* Exercise aim *
Reading the records beneath this task, work out how many lines contain the word "Tour" and reply with only that number.
Start of Data shown
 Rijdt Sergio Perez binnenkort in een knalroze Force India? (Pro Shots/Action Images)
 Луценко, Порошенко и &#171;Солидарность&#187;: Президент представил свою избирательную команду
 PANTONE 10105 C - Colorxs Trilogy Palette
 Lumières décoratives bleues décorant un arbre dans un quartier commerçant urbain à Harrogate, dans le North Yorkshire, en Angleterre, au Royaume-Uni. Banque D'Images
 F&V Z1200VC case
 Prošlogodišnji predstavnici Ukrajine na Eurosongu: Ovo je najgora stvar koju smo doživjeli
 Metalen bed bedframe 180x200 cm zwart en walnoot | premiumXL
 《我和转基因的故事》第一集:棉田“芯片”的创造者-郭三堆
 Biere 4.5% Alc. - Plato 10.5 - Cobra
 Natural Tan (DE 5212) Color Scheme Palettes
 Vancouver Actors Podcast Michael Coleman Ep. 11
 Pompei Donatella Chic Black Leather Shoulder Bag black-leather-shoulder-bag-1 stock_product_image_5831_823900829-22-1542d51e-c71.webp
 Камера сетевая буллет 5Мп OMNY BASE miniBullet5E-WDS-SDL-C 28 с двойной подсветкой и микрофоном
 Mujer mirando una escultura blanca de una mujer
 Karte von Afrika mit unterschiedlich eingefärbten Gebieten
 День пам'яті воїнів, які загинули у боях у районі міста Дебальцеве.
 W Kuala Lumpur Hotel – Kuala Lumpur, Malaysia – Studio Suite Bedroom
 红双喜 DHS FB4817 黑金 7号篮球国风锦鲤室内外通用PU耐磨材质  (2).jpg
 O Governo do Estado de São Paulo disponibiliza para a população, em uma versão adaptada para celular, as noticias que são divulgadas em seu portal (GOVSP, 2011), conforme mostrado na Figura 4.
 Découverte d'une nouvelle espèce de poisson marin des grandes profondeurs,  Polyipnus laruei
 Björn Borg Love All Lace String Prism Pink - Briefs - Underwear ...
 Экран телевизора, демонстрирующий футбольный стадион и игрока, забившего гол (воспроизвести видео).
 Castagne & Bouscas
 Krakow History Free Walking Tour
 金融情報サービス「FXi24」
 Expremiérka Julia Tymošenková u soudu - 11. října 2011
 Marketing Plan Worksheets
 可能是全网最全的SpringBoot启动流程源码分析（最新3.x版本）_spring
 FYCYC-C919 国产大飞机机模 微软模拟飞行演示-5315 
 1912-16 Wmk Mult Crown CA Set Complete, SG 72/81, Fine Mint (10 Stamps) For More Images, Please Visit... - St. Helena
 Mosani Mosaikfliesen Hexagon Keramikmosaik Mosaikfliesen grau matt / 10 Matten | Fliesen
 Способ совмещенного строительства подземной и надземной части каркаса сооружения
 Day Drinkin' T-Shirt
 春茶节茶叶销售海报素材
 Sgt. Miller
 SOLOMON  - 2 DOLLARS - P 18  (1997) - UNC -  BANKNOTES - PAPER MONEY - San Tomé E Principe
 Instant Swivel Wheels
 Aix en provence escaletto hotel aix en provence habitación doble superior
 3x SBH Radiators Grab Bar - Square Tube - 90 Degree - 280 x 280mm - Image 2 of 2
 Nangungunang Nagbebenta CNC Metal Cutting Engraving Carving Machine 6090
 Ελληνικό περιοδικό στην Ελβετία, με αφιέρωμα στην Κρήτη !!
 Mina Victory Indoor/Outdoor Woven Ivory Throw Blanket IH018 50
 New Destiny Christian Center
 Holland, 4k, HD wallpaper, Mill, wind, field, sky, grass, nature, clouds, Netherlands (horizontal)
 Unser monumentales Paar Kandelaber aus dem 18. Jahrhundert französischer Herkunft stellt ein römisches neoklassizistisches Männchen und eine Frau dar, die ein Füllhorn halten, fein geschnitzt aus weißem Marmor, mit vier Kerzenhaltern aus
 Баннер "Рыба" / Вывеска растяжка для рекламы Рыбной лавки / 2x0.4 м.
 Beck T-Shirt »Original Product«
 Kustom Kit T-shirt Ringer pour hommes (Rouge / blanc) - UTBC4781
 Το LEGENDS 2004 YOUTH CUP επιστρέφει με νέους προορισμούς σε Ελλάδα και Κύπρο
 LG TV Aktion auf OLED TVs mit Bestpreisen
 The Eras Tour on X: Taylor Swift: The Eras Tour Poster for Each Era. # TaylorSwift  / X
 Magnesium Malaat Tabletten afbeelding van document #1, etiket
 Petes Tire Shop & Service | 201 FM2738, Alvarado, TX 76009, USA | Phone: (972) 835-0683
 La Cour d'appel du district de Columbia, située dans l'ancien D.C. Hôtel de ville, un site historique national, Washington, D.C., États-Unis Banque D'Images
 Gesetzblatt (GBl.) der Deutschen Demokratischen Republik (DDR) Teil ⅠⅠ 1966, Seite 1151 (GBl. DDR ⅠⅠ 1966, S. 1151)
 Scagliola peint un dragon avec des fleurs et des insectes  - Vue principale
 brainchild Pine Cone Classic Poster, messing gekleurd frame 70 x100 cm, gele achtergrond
End of Data shown
* Solution *
2